■ EXERCISE: Within the data that follows, set down exactly the lines from the one containing "minimalist interior design." through the one containing "#InteriorDesigner #Architectural&Interior #interiorbedroom", both ends included.

■ RECORDS PROVIDED:
──────────────────────────────
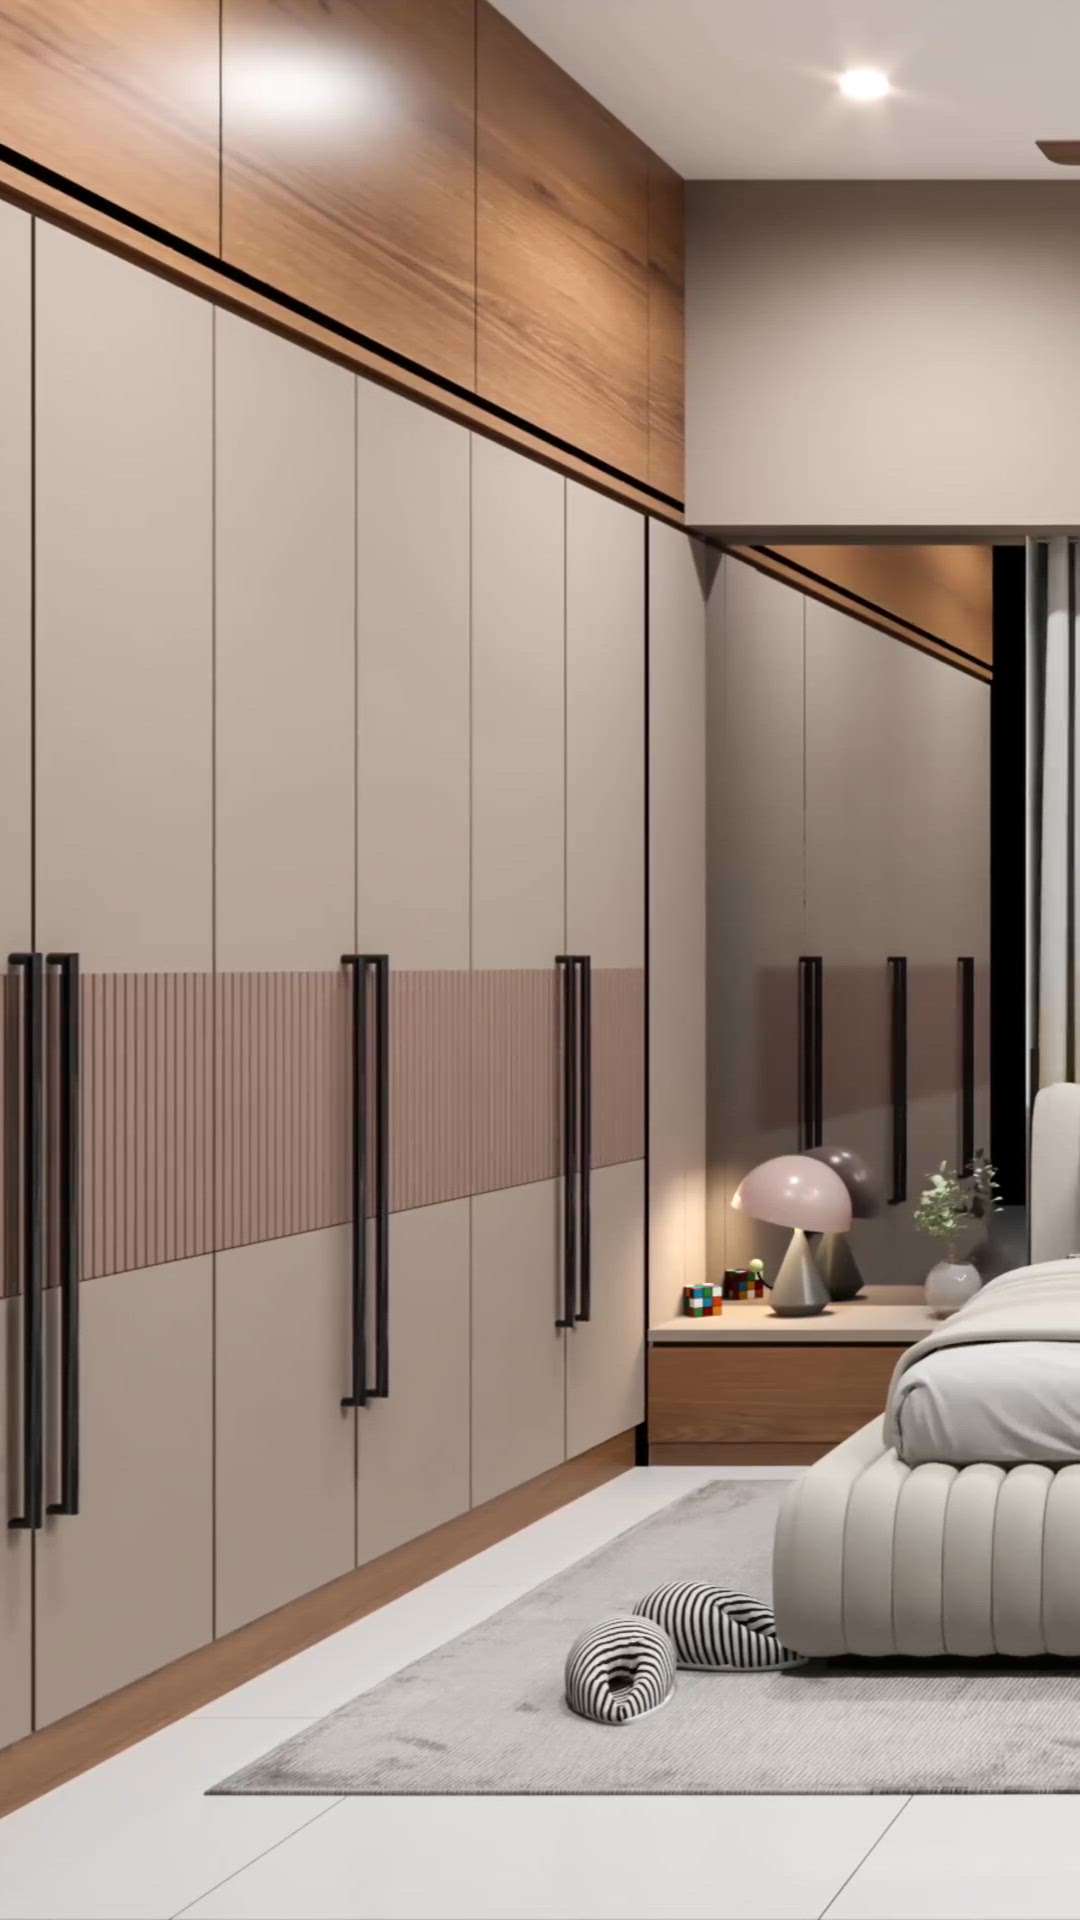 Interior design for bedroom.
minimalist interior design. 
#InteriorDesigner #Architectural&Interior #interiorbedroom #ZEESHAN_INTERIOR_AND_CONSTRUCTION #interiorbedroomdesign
──────────────────────────────
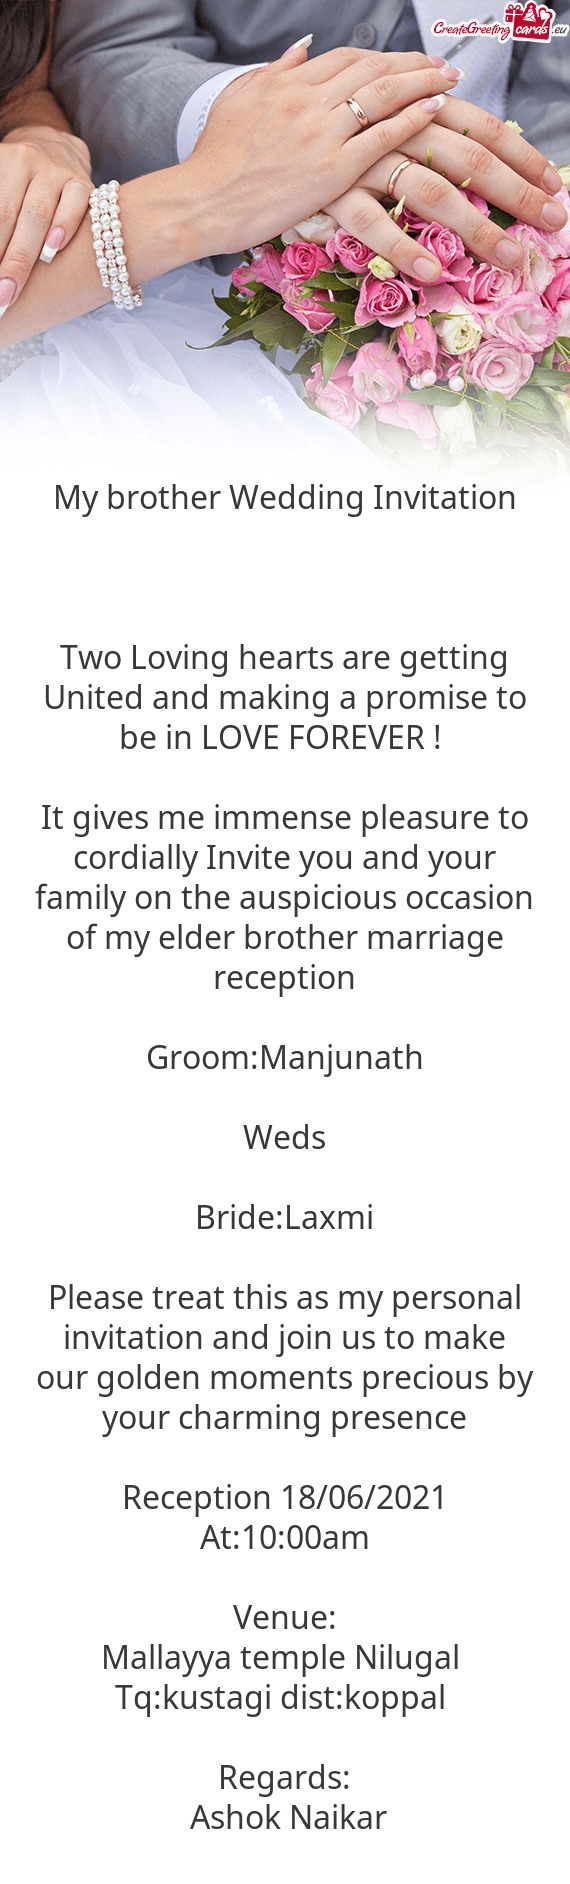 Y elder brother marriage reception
──────────────────────────────
■ OUTPUT FOR THIS EXERCISE:
minimalist interior design. 
#InteriorDesigner #Architectural&Interior #interiorbedroom #ZEESHAN_INTERIOR_AND_CONSTRUCTION #interiorbedroomdesign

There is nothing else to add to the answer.